* [Task description] Leave the images out and repeat the data exactly as given.

* [Data excerpt]
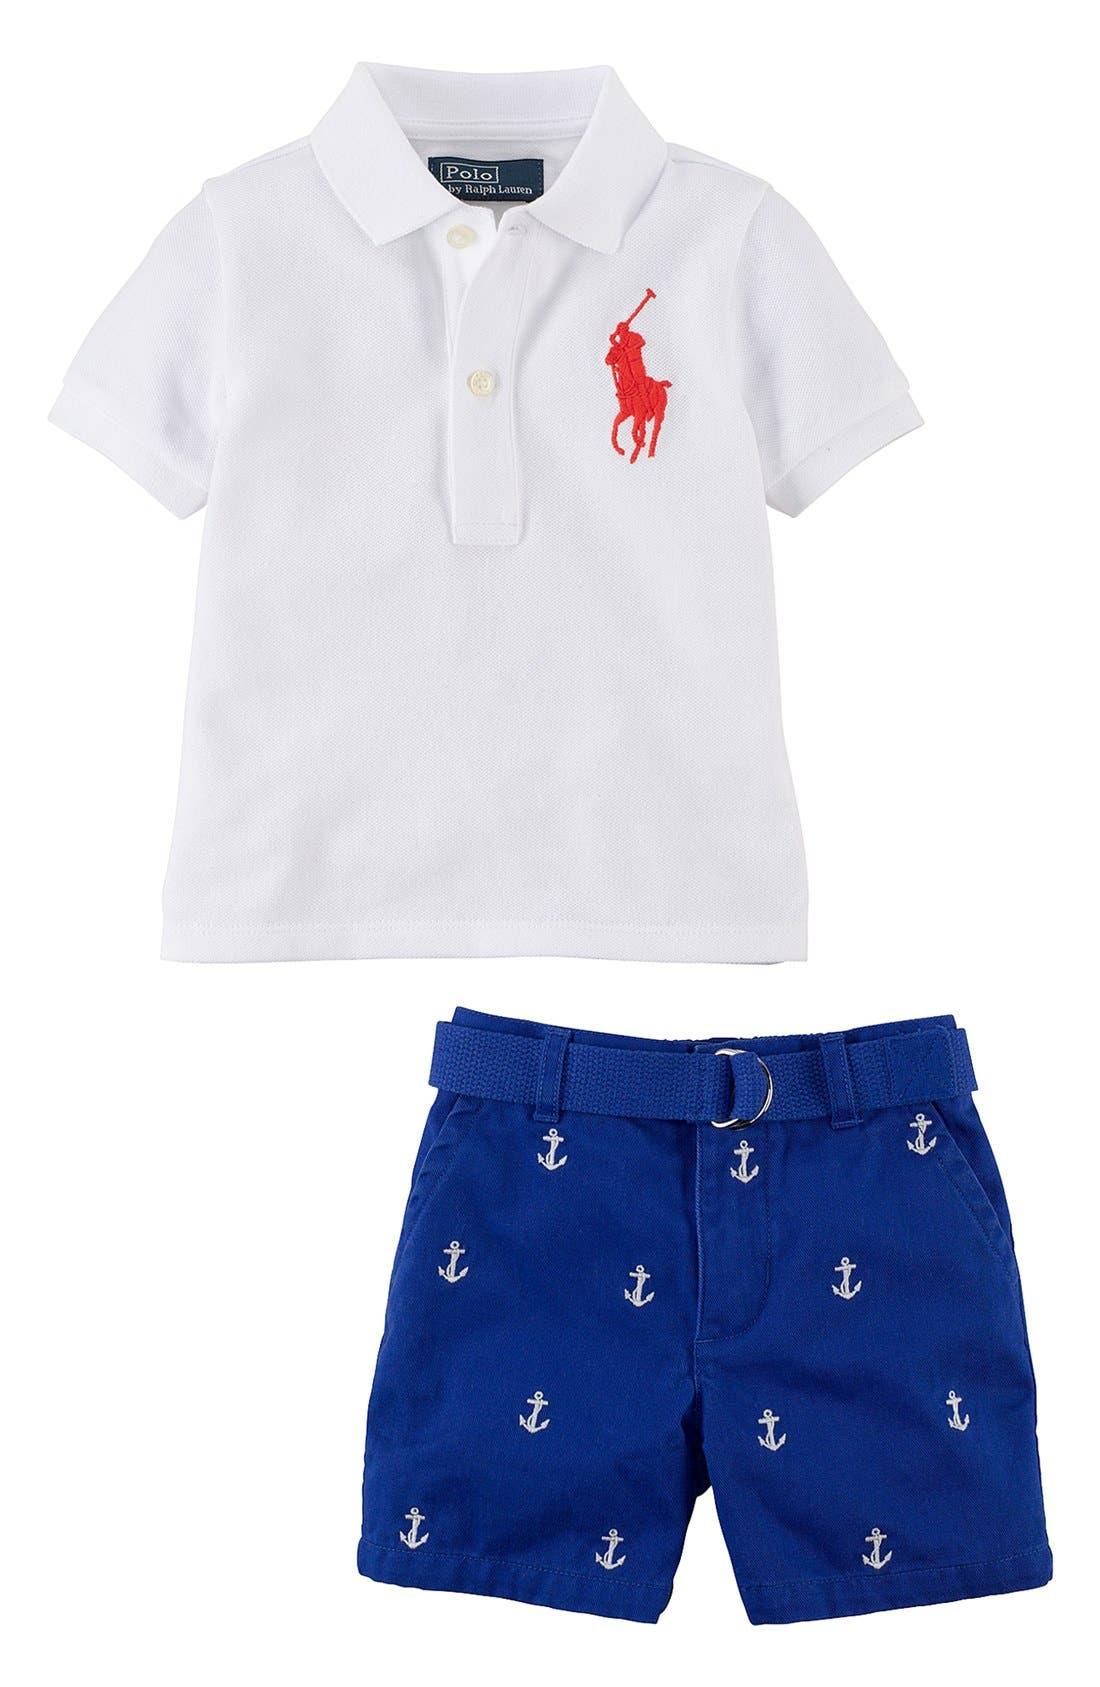 Main Image - Ralph Lauren Polo & Shorts (Baby Boys)
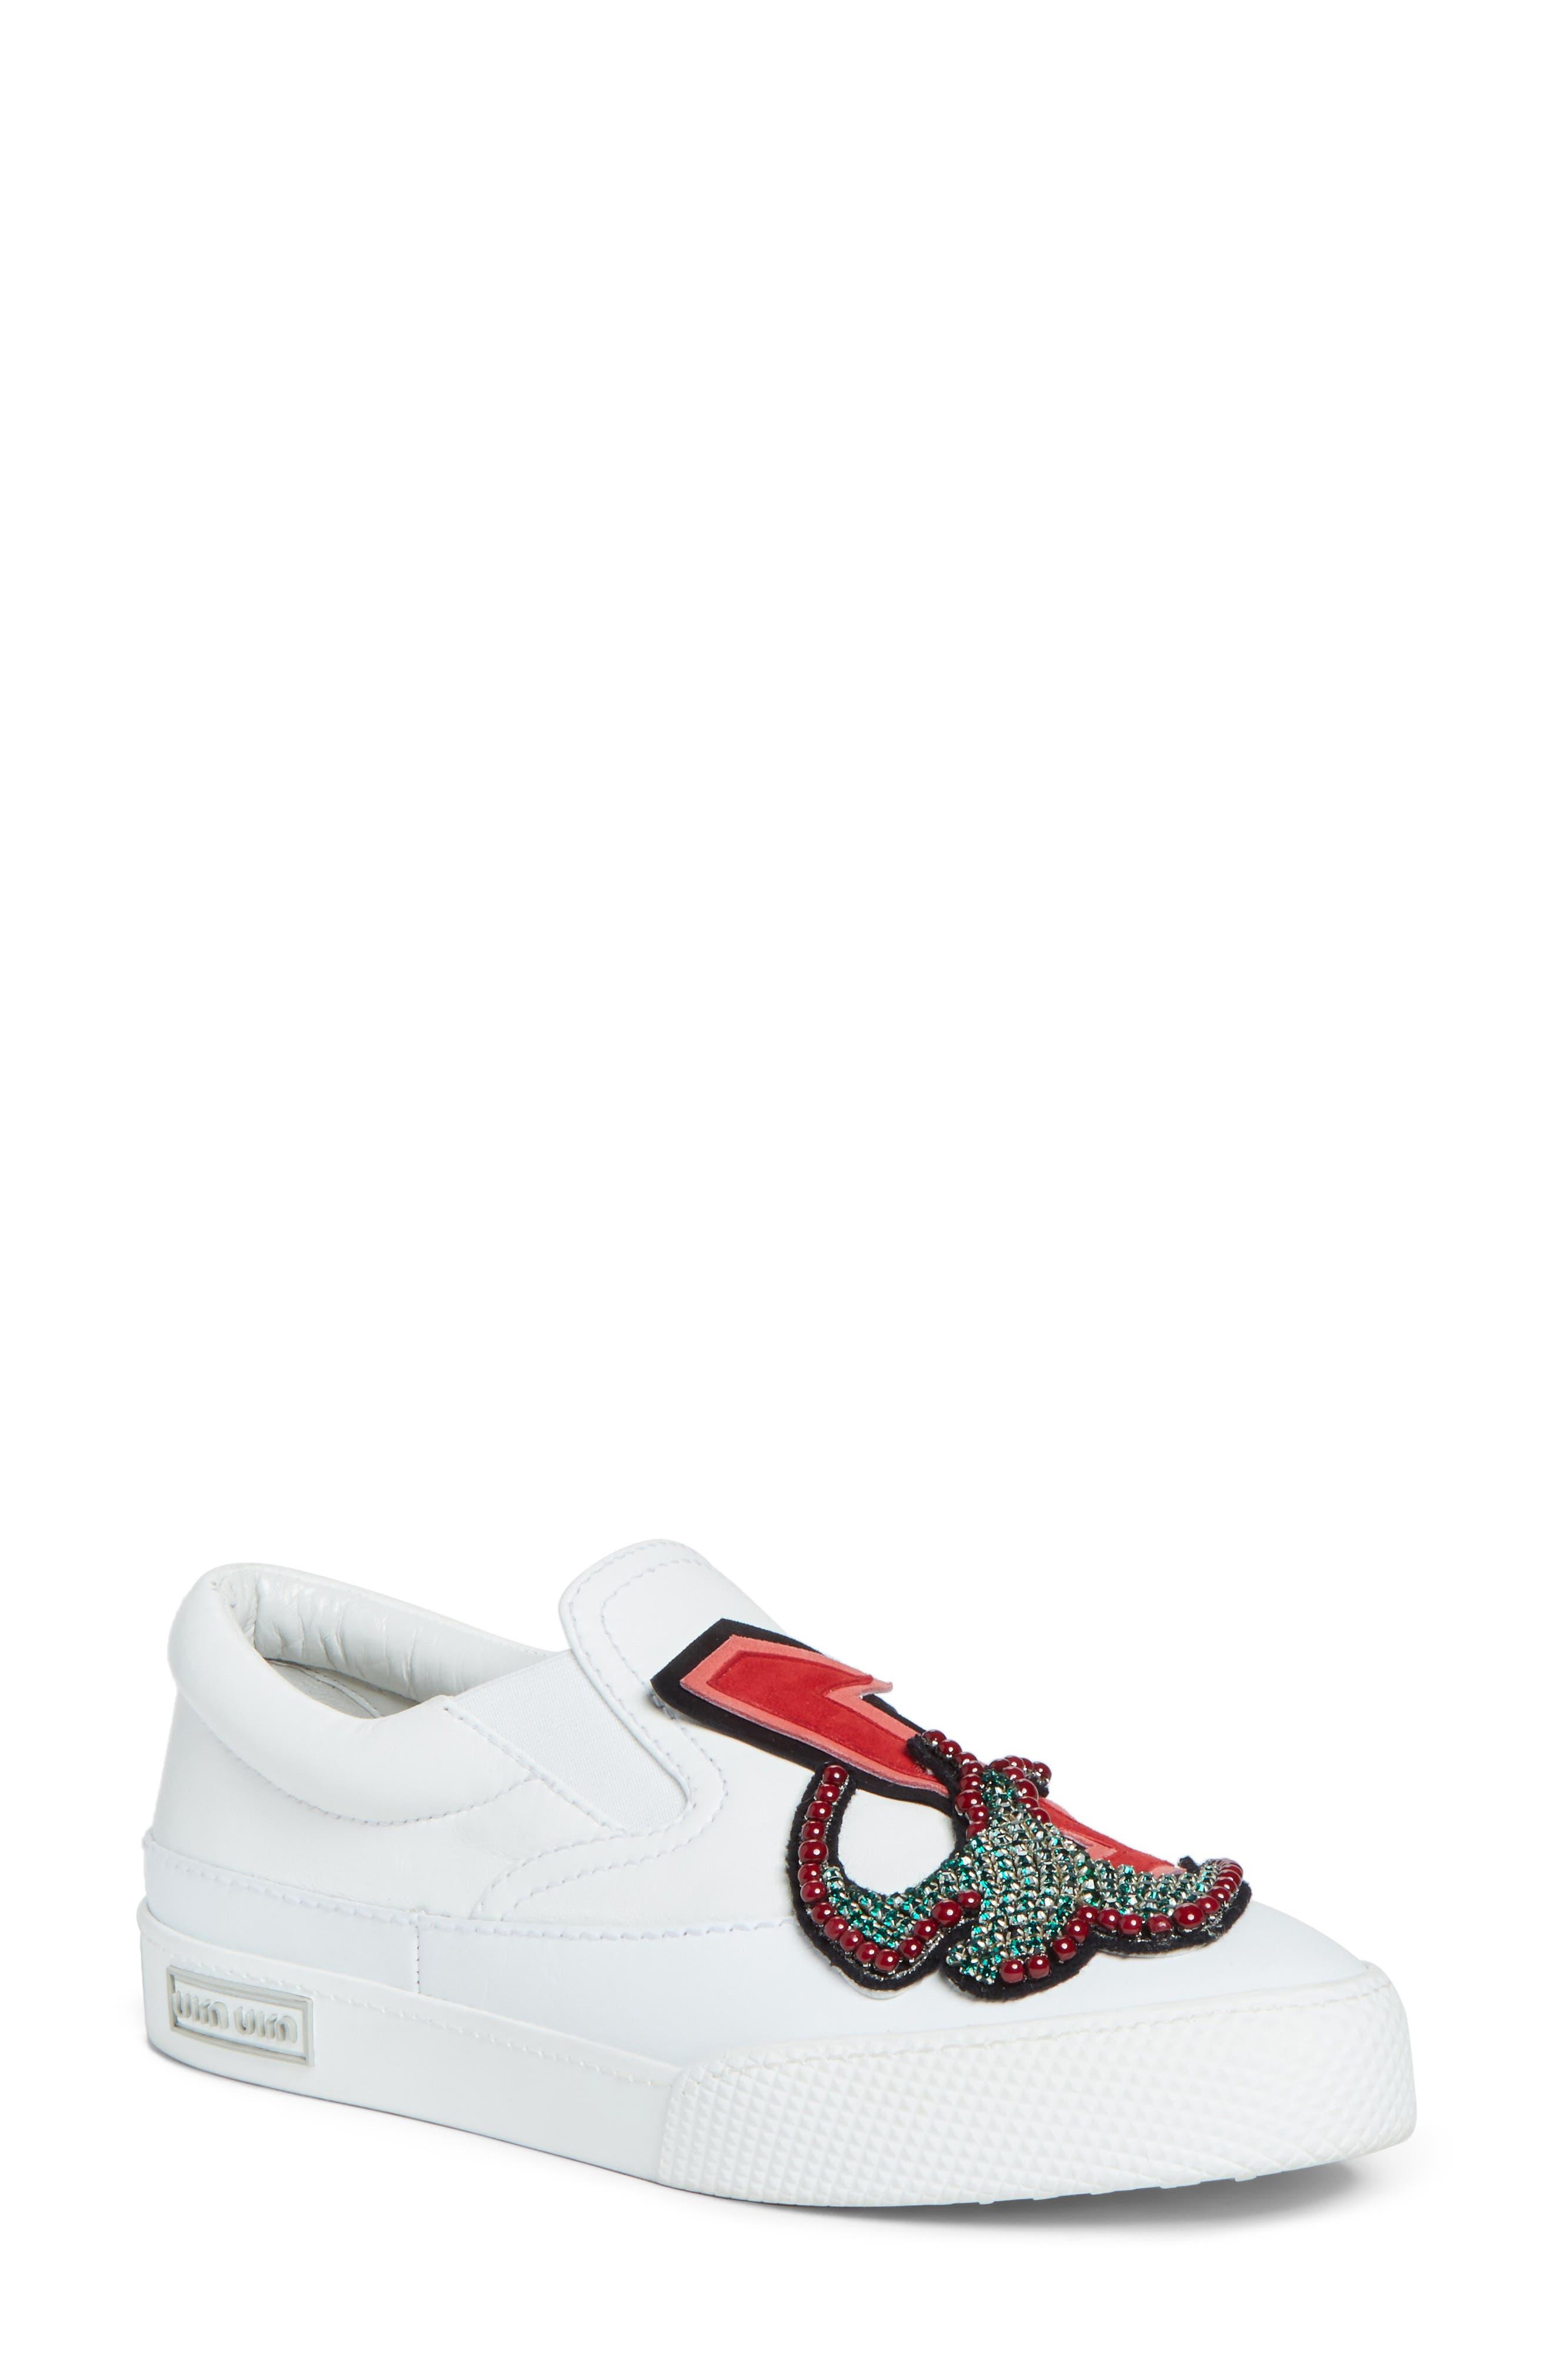 Embellished Slip-On Sneaker,                             Main thumbnail 1, color,
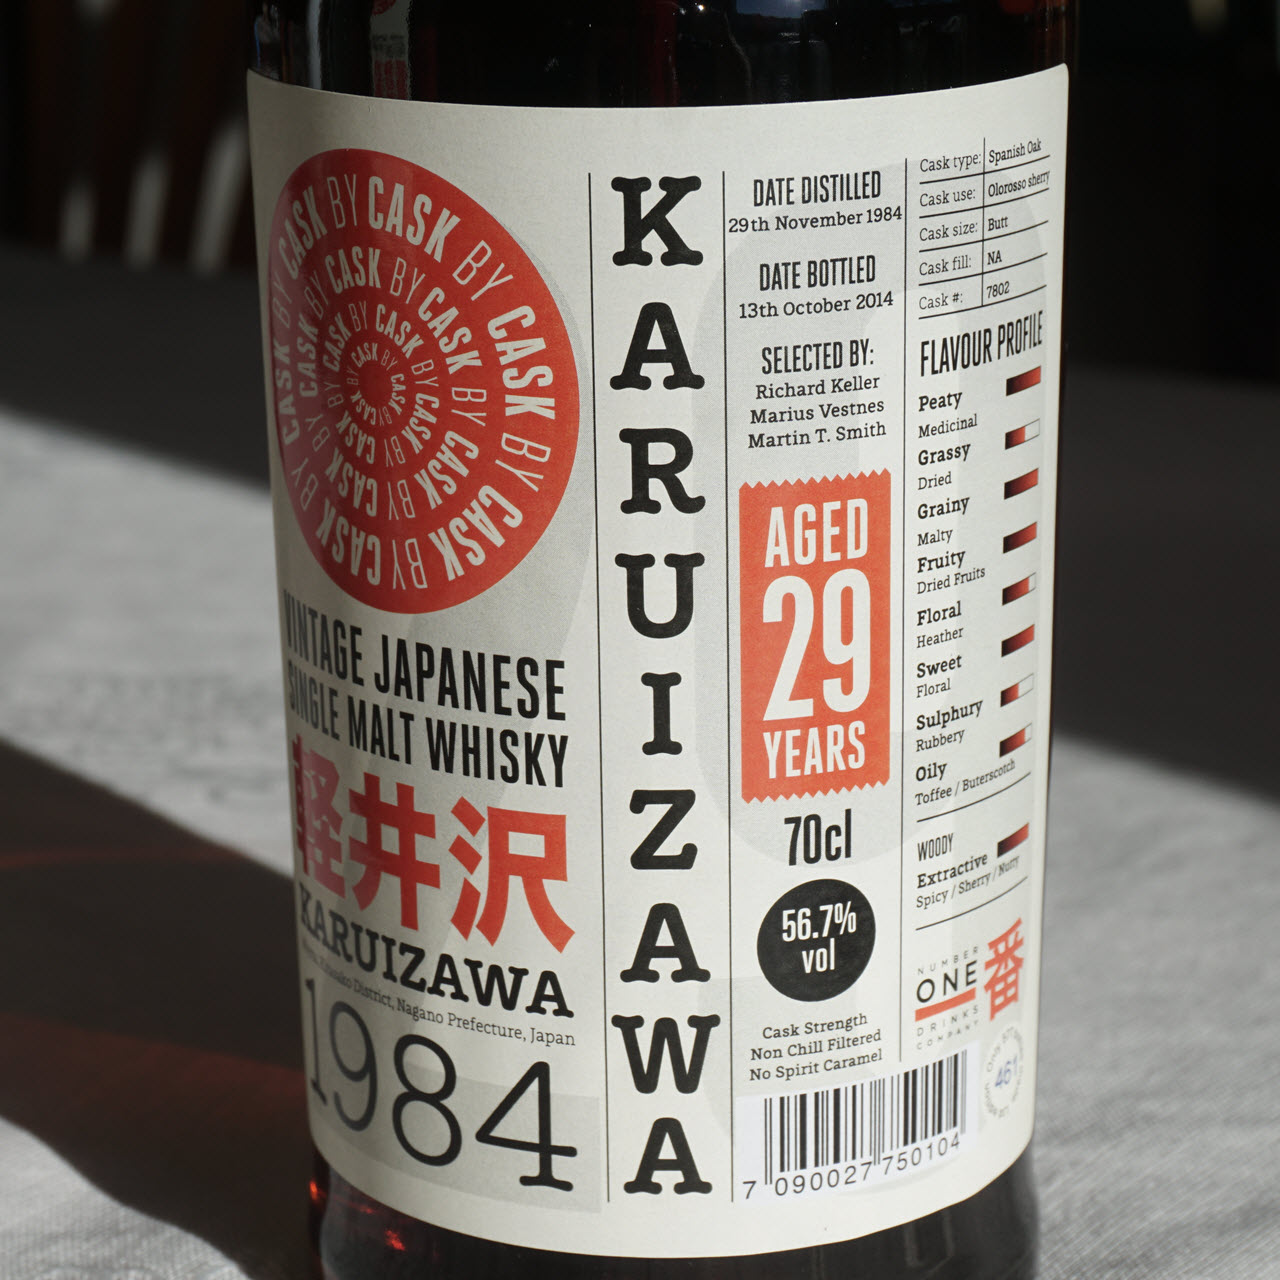 Karuizawa 1984 29 YO Cask #7802 Cask by Cask

* [Answer space]
 Main Image - Ralph Lauren Polo & Shorts (Baby Boys)
 Embellished Slip-On Sneaker,                             Main thumbnail 1, color,
 Karuizawa 1984 29 YO Cask #7802 Cask by Cask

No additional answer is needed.